Natural Color Dyeing Agents
Depending on desired intensity use more or less.
- Turmeric, 1 1/2 tablespoons (yellow-green)
- Paprika, 1 1/2 tablespoons (brick red)
- Blueberries, 1/2 - 1 cup (lavender)
- Beets, 1 - 2 cups chopped (deep pink)
- Spinach, 1 - 2 cups chopped (green)
- Coffee, 2 cups of pre-made coffee, instead of boiling water (brown)
- Red-cabbage, 1 - 2 cups chopped (blue)
- Lime, cut in half
- 3 quart pot
- White vinegar
- Large mason jars
- Paper towels
- Cooling rack
Directions (assuming eggs are already hard-boiled)
- Bring 2 cups water to a rolling boil.
- Add natural color dyeing agent.
- Add 2 tablespoons white vinegar to the pot.

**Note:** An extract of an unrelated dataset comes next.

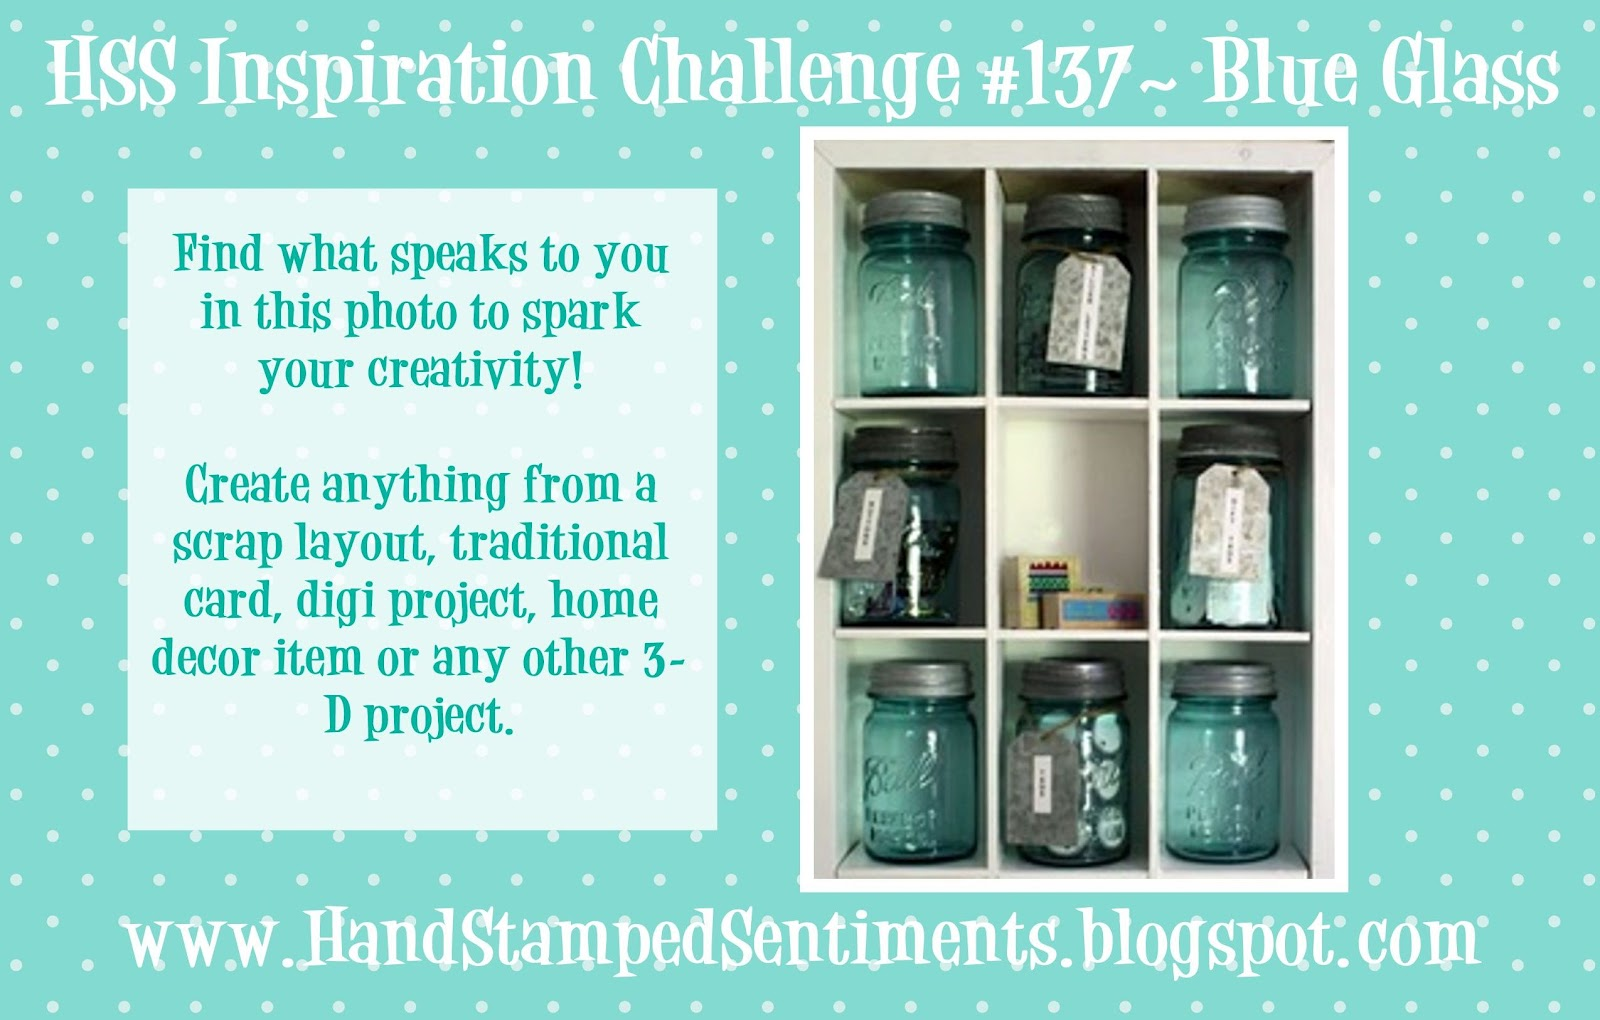 HSS challenge 137

- Reduce heat and simmer for 30 minutes, or longer for more intense color.
- Strain liquid into a large mason jar, and allow to cool a bit.
- Use a whisk to cage the boiled egg and lower it into the mason jar.
- Depending on mason jar size, up to 3 hard-boiled eggs can be added.
- Leave in the jar until reaching desired color. Somewhere from 5 seconds to overnight. For overnight, seal the jar and refrigerate if wanting a deeper color.
Optional: Squeeze lime juice to lighten color. For example if you have a deep pink and want a light pink.
- Remove eggs with tongs.
- Pat eggs dry with paper towel and place on a rack to dry.
- Overtime naturally dyed eggs can fade. Spray with cooking spray or brush with vegetable oil.
Ready to try some other colors? The rule of thumb is, if it stains your hands, it'll dye your eggs!